Part of Advances in Neural Information Processing Systems 28 (NIPS 2015)
Jacob D. Abernethy, Chansoo Lee, Ambuj Tewari
We focus on the adversarial multi-armed bandit problem. The EXP3 algorithm of Auer et al. (2003) was shown to have a regret bound of $O(\sqrt{T N \log N})$, where $T$ is the time horizon and $N$ is the number of available actions (arms). More recently, Audibert and Bubeck (2009) improved the bound by a logarithmic factor via an entirely different method. In the present work, we provide a new set of analysis tools, using the notion of convex smoothing, to provide several novel algorithms with optimal guarantees.

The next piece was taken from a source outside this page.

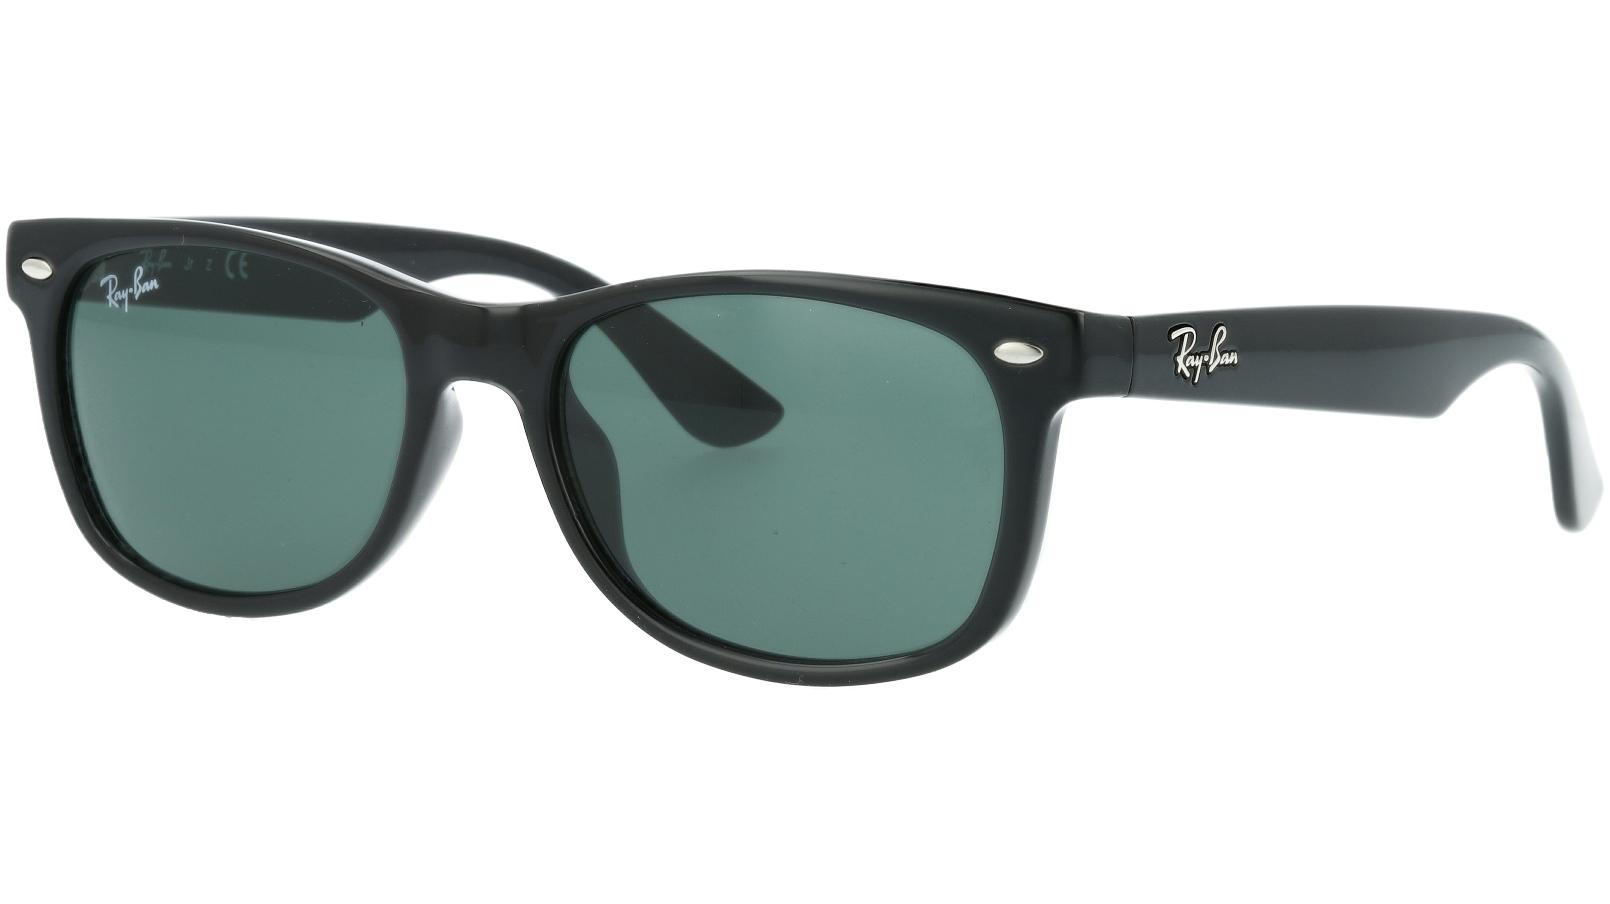 RAYBAN RJ9052S 100/71 47 BLACK Sunglasses

First we show that regularization via the Tsallis entropy matches the minimax rate of Audibert and Bubeck (2009) with an even tighter constant; it also fully generalizes EXP3. Second we show that a wide class of perturbation methods lead to near-optimal bandit algorithms as long as a simple condition on the perturbation distribution $\mathcal{D}$ is met: one needs that the hazard function of $\mathcal{D}$ remain bounded. The Gumbel, Weibull, Frechet, Pareto, and Gamma distributions all satisfy this key property; interestingly, the Gaussian and Uniform distributions do not.